If you decide to use this pre-build package then you can skip the building part (Preparation above is still needed). This pre-build package is based on FastDeploy v1.0.0 (commit id c4bb83ee)

Notice: This project is updated very frequently, the pre-build whl here may be outdated, only for quickly understand and test. For develop and deploy please build from the latest source:

3.1.2.1.2. Building on RK3588
sudo apt update
sudo apt install -y gcc cmake

git clone https://github.com/PaddlePaddle/FastDeploy.git

cd FastDeploy/python

export ENABLE_ORT_BACKEND=ON
export ENABLE_RKNPU2_BACKEND=ON
export ENABLE_VISION=ON
export RKNN2_TARGET_SOC=RK3588
python3 setup.py build
python3 setup.py bdist_wheel

If your RK3588 has insufficient RAM, OOM error may occur, you can add -j N after python3 setup.py build to control jobs.
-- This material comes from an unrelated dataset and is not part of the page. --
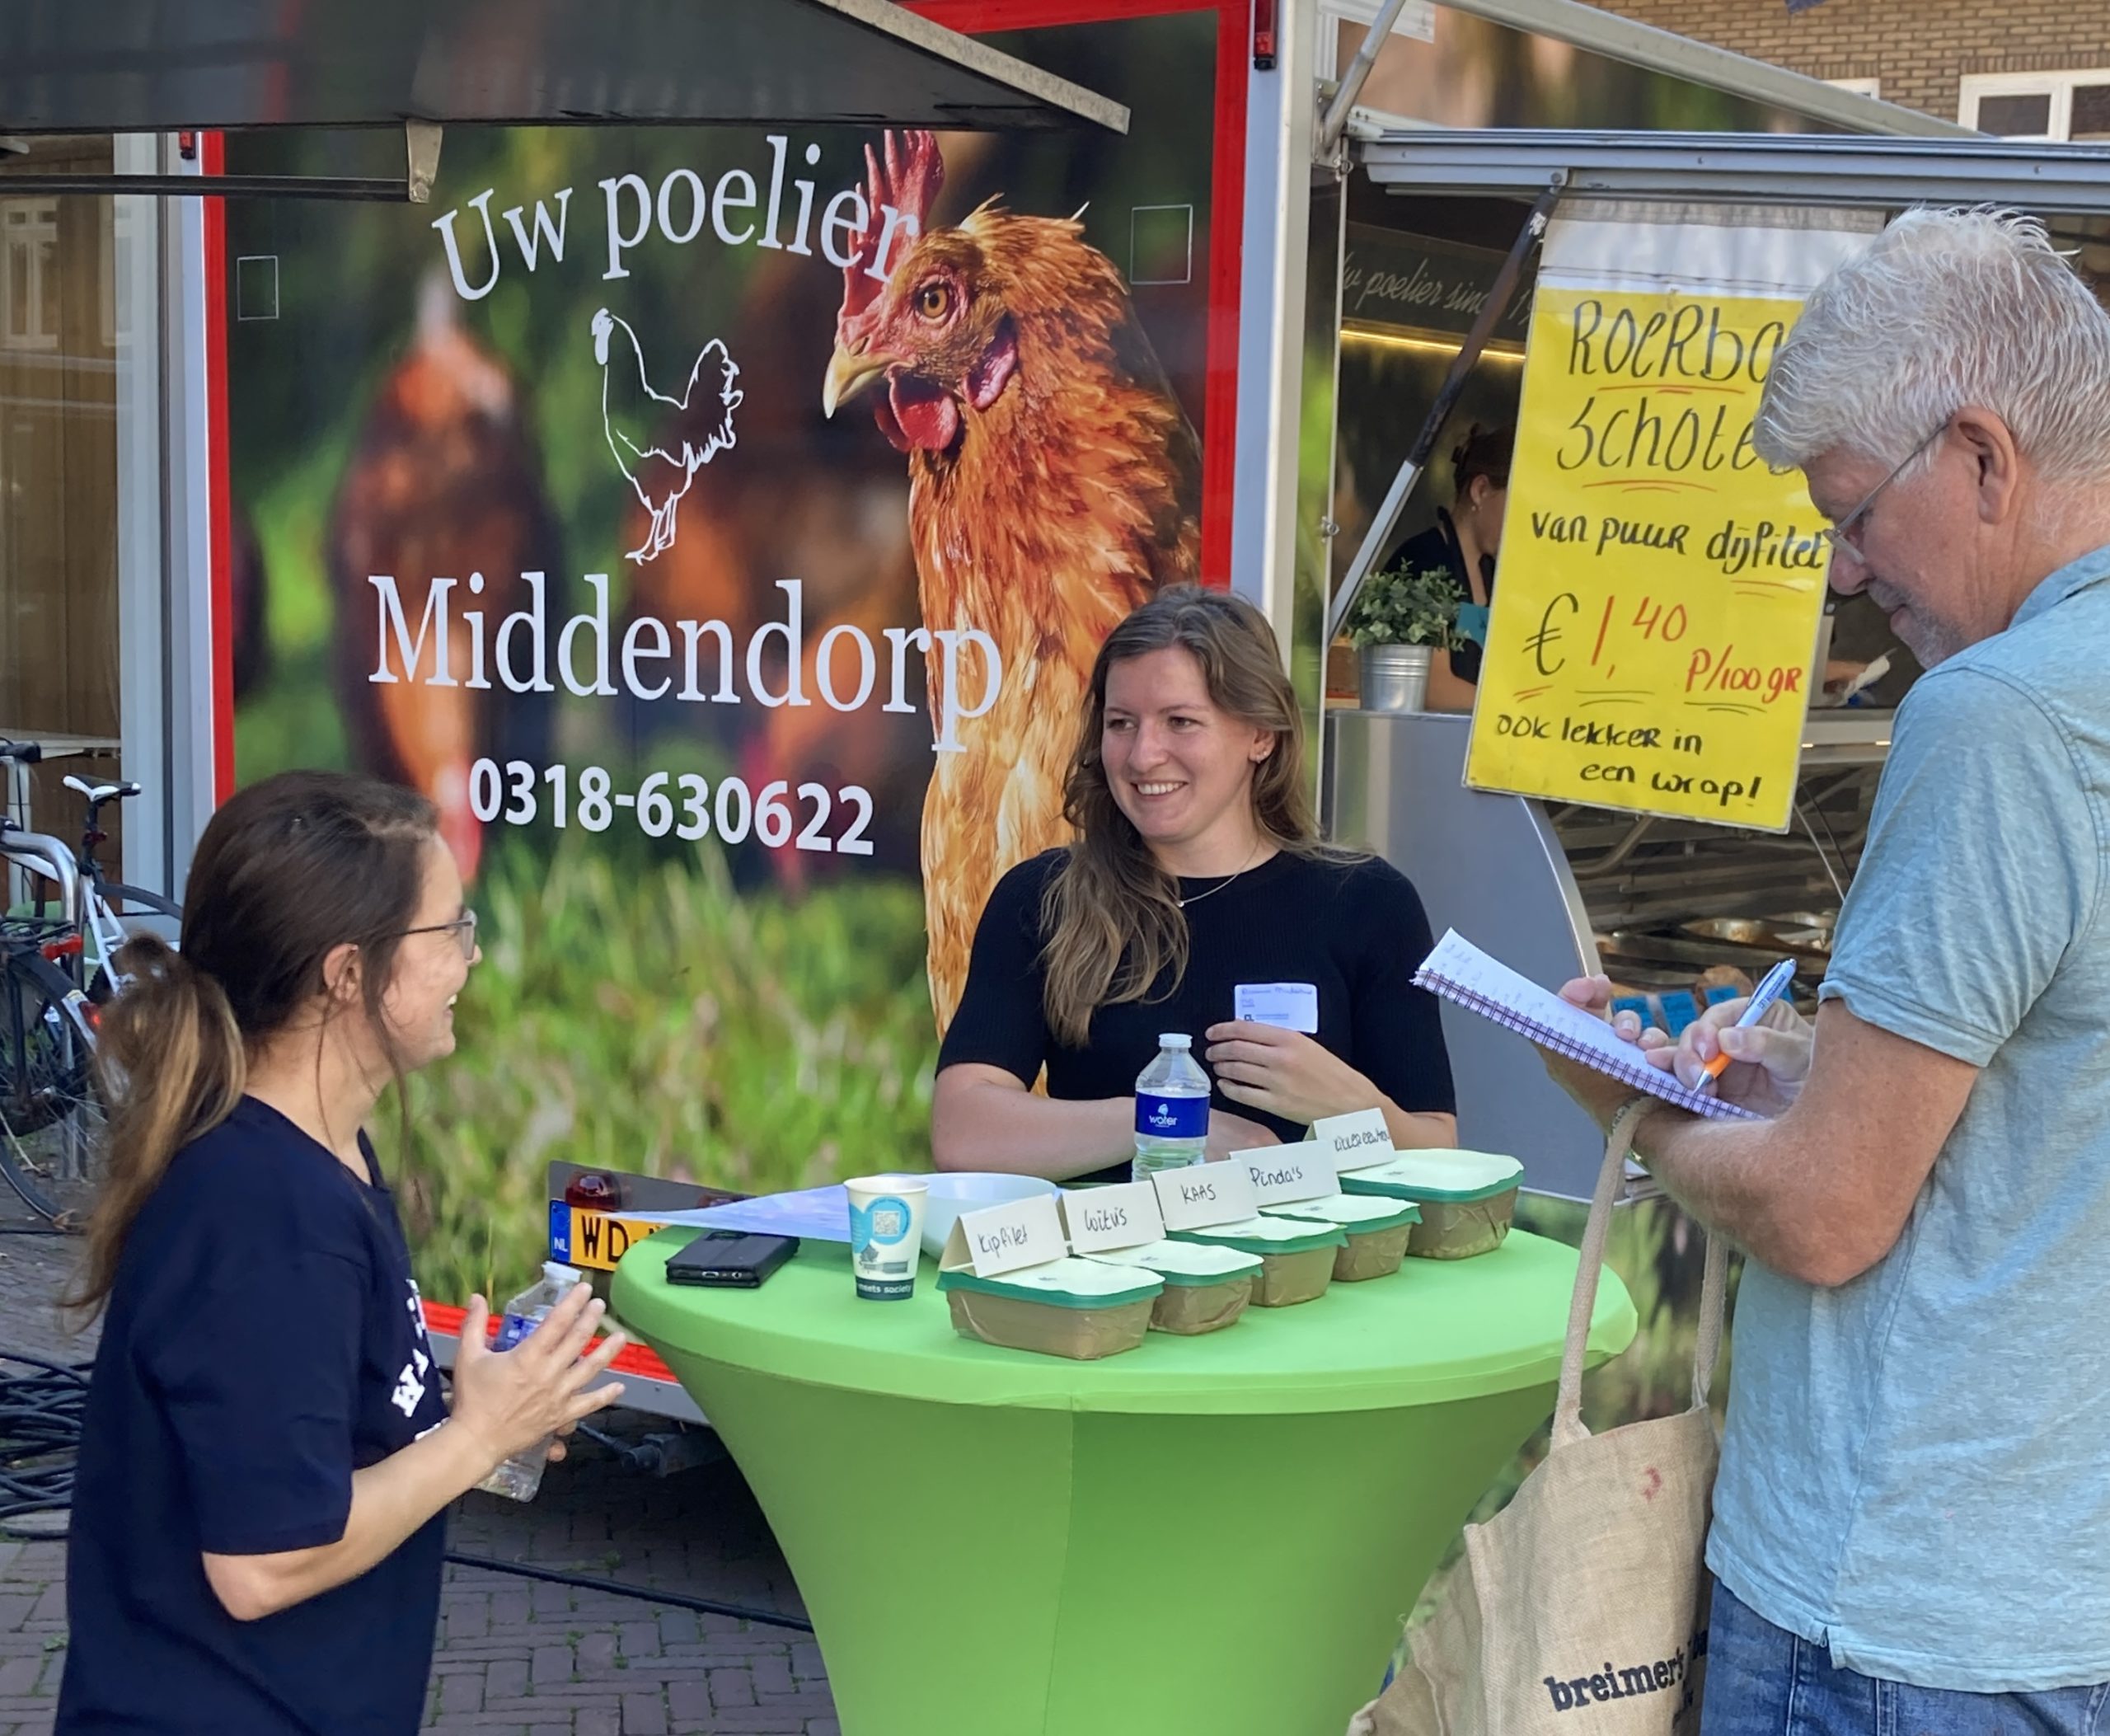 Scientists on Wageningen’s weekly market
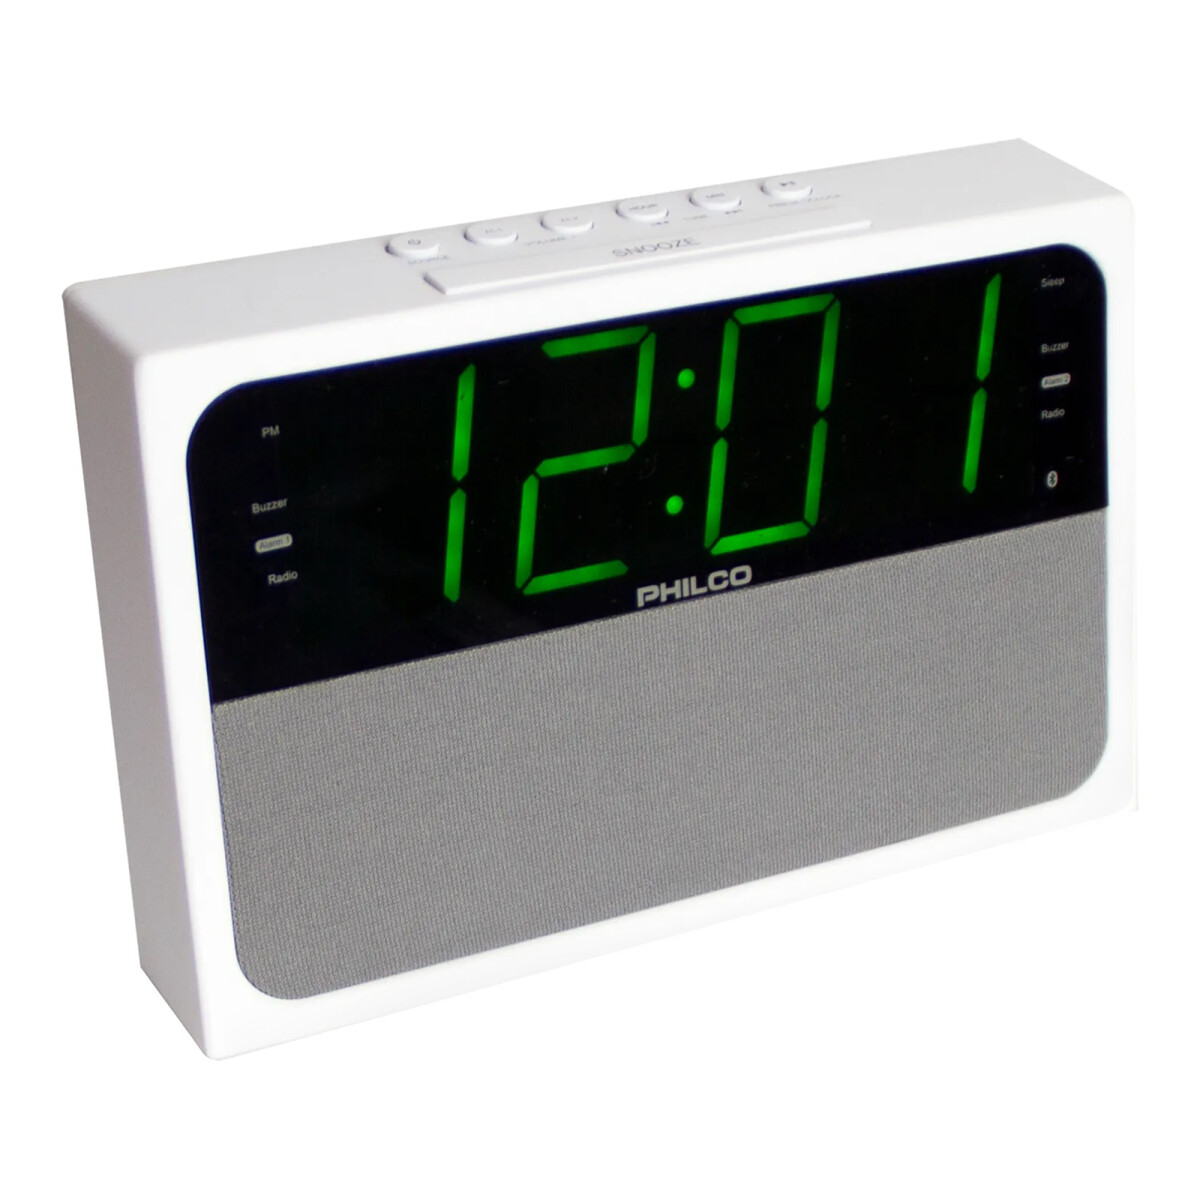 Philco - Radio Despertador PAR1018BT - Bluetooth. Fm Digital. 20 Memorias. Botón Snooze. - 001

3.1.2.1.3. Installation on RK3588

You can find whl under FastDeploy/python/dist after building, or use pre-build package above. Use pip3 to install:

pip3 install fastdeploy_python-*-linux_aarch64.whl

3.1.2.2. Inference

Here are 3 tuned demos: Google Drive

Notice: This project is updated very frequently, demos here may be outdated, only for quickly understand and test. For develop and deploy please get latest models from official github mentioned at the beginning of this article.

decompress and run:

  • Picodet object detection

cd demos/vision/detection/paddledetection/rknpu2/python

python3 infer.py --model_file ./picodet_s_416_coco_lcnet/picodet_s_416_coco_lcnet_rk3588.rknn \
                 --config_file ./picodet_s_416_coco_lcnet/infer_cfg.yml \
                 --image 000000014439.jpg
  • Scrfd face detection

cd demos/vision/facedet/scrfd/rknpu2/python

python3 infer.py --model_file ./scrfd_500m_bnkps_shape640x640_rk3588.rknn \
                 --image test_lite_face_detector_3.jpg
  • PaddleSeg portrait segmentaion

cd demos/vision/segmentation/paddleseg/rknpu2/python

python3 infer.py --model_file ./Portrait_PP_HumanSegV2_Lite_256x144_infer/Portrait_PP_HumanSegV2_Lite_256x144_infer_rk3588.rknn \
                 --config_file ./Portrait_PP_HumanSegV2_Lite_256x144_infer/deploy.yaml \
                 --image images/portrait_heng.jpg

3.1.3. On PC

In the previous chapter, only the running environment was deployed on RK3588. Demo was converted and adjusted in advance on the PC. This means that further development such as model transformations, parameter adjustments, etc., will need to be done on the PC, so FastDeploy will also need to be installed on the x86_64 Linux PC.

3.1.3.1. Compilation and Installation

Needs: Ubuntu18 or above, python 3.6 or 3.8

3.1.3.1.1. Install rknn-toolkit2

Use conda or virtualenv to create a virtual environment for installation, for usage of conda or virtualenv please google it.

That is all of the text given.